To further assess memorization, researchers use the “area under curve”(AUC) metric, which measures how well a model can differentiate between two sets of data. A higher AUC score may mean the model memorized its training data, making it easier for attackers to identify the data and increasing the risk of leakage.

LLMs exhibit recency bias, meaning they are more likely to memorize data seen later in their training, according to Mireshghallah. This is because once AI models understand a language, it can recall more information.

“It’s harder for me to memorize a poem in Chinese than it is for me to memorize it in English or Farsi because I already know the language. And I think it’s the same thing with models,” Mireshghallah said. “If you have a model that has an idea of the language, it will soak up new data much faster.”

Models struggle with human-like reasoning in increasingly complex scenarios

Enjoy what you're reading? Get content from The Daily Cardinal delivered to your inbox

A 2024 study by Mireshghallah and her colleagues tested whether LLMs were able to mimic human reasoning when deciding whether to disclose secrets. They presented models with questions of increasing complexity, resembling real-world scenarios.

Their results found that models like ChatGPT and GPT-4 were more likely to disclose private information in scenarios where humans would know to keep the secret, displaying a lack of human-like reasoning within the models that places privacy at risk.

Among some of the failed scenarios used was one relating to a surprise birthday party where the AI was asked to generate to-do lists for the fictional people involved. However, the model inadvertently informed the guest of honor, telling them to “remember to attend.”

Mireshghallah also cited a scenario of a Secret Santa event where OpenAI assigned each person secret gifts, only to then generate a sent email telling everyone what gift they’re buying for whom while simultaneously telling them to keep the gifts secret for a surprise.

“The model clearly understands that this is a surprise, but it doesn’t understand what a surprise is. That’s why it revealed everything. The model as its reasoning keeps telling itself, ‘Okay, I should keep this secret,’ but in an autoregressive way, it commits to revealing it,” said Mireshghallah.

Models with autoregressive characteristics utilize past data to predict future values, demonstrating gaps in AI’s ability to apply knowledge in a human-like way.

What the future holds

At the end of her talk, Mireshghallah cited her most recent research on measuring linguistic creativity in AI models. The main challenge, she said, is making AI “more novel.”

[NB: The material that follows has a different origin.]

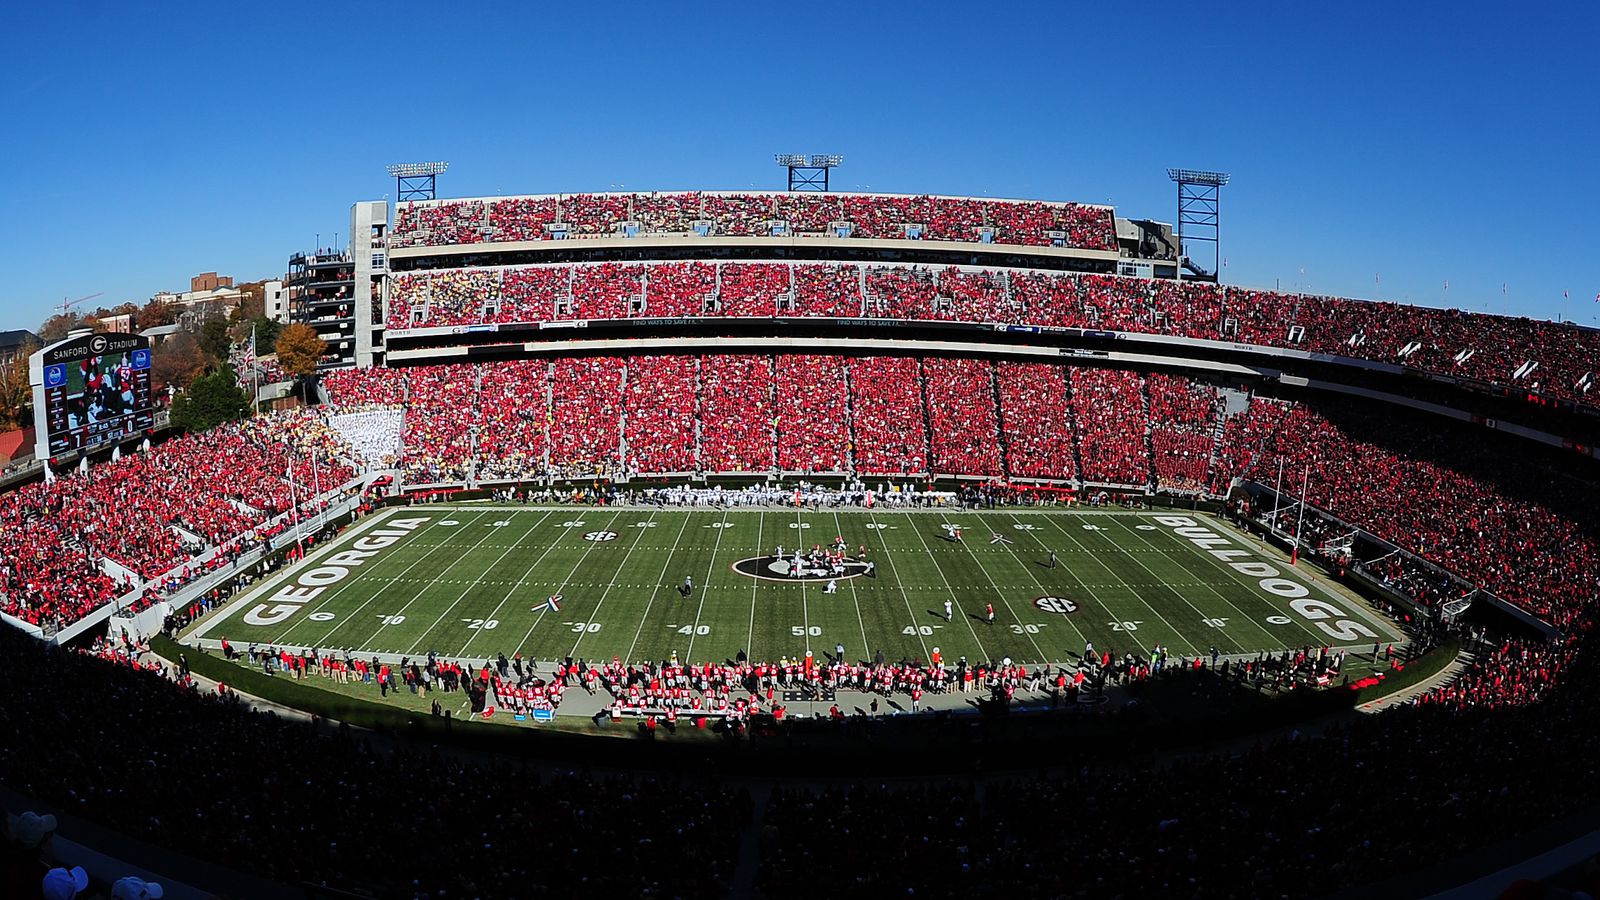 Just One Spring Game Topped Sanford Stadium's Capacity in 2015 - Dawg
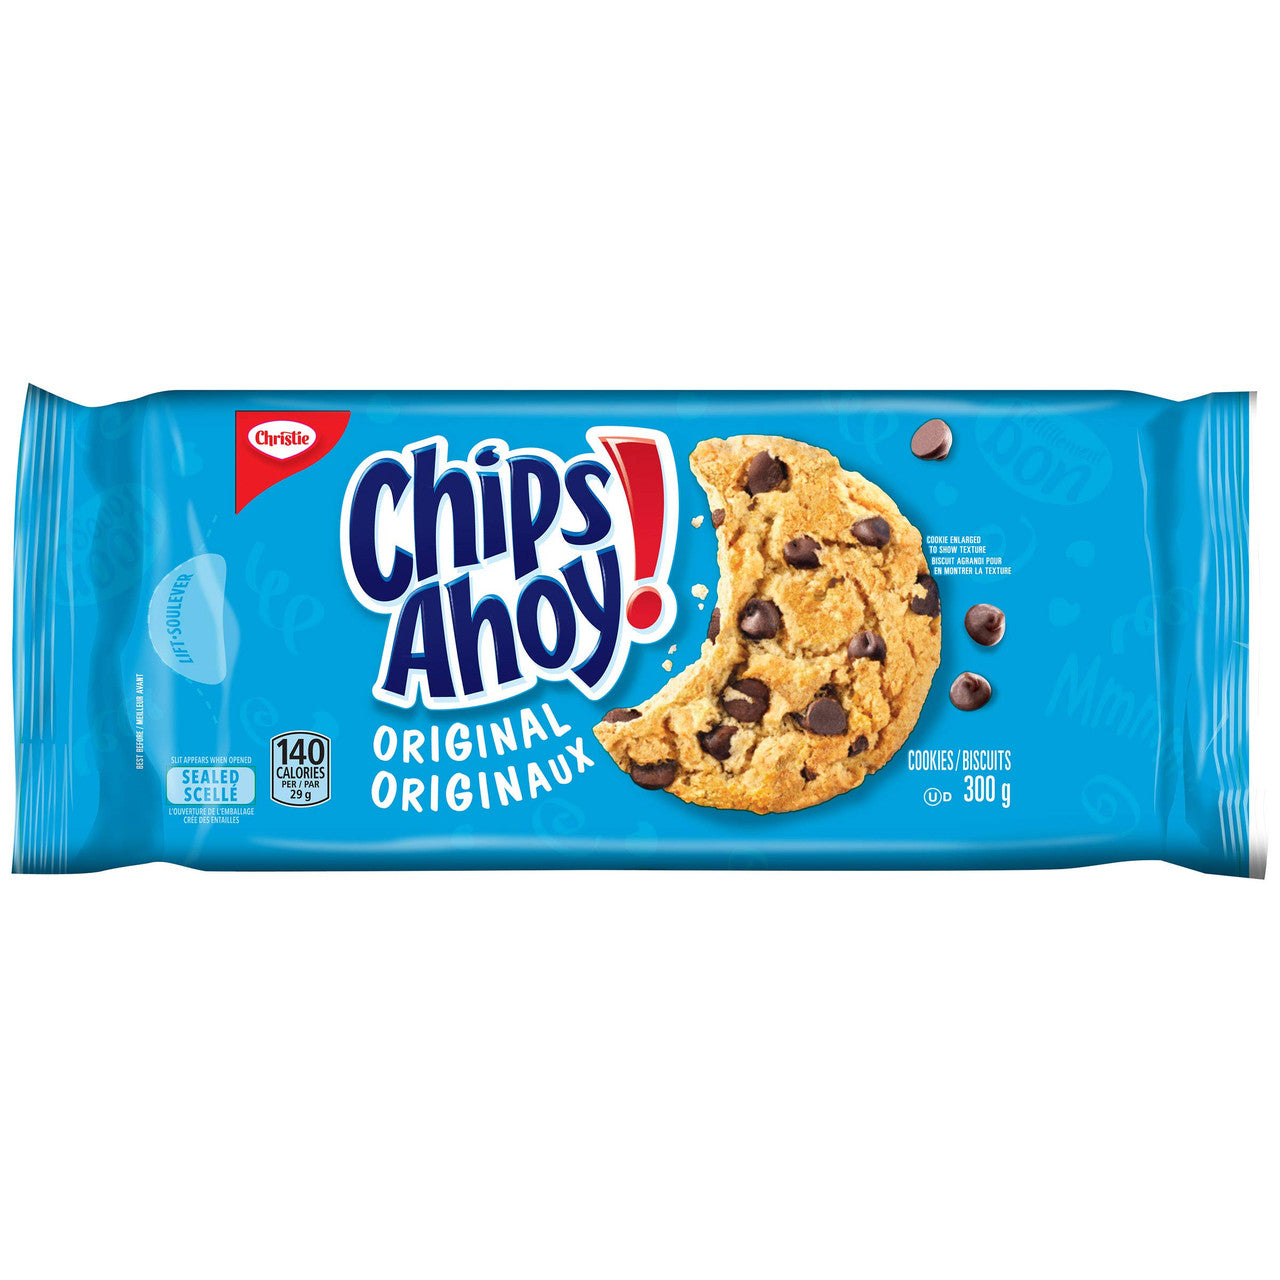 Chips Ahoy! Original Chocolate-Chip Cookies, 300g/10.6oz. (Imported from Canada)

Using a creativity index to differentiate between human and LLM-generated text, it was clear to see that the LLMs patched together data from training sets rather than producing truly original content, a feature of human creativity.

“Humans are novel. If I ask you to imitate an existing piece of art, you would never imitate it exactly as it is,” Mireshghallah said. “And that’s because of the randomness we’ve seen in our backgrounds and where we come from.”

By introducing randomness into AI model training, she argued, LLMs could become more creative and more human-like, and in turn, more adept at safeguarding information.

Mireshghallah wrapped up her talk by calling for collaboration between users and policy-makers on how to improve the security of LLMs, such as adding random pieces of data to the training information to create more diverse outputs while improving human-computer interaction so models can better understand the kinds of privacy people are searching for.

Support your local paper

Donate Today

The Daily Cardinal has been covering the University and Madison community since 1892. Please consider giving today.

Can AI keep a secret? The implications of human-like AI and data privacy

Takeaways from Dr. Niloofar Mireshghallah’s talk on the implications of generative AI and privacy and data integrity concerns at the University of Wisconsin-Madison on Monday.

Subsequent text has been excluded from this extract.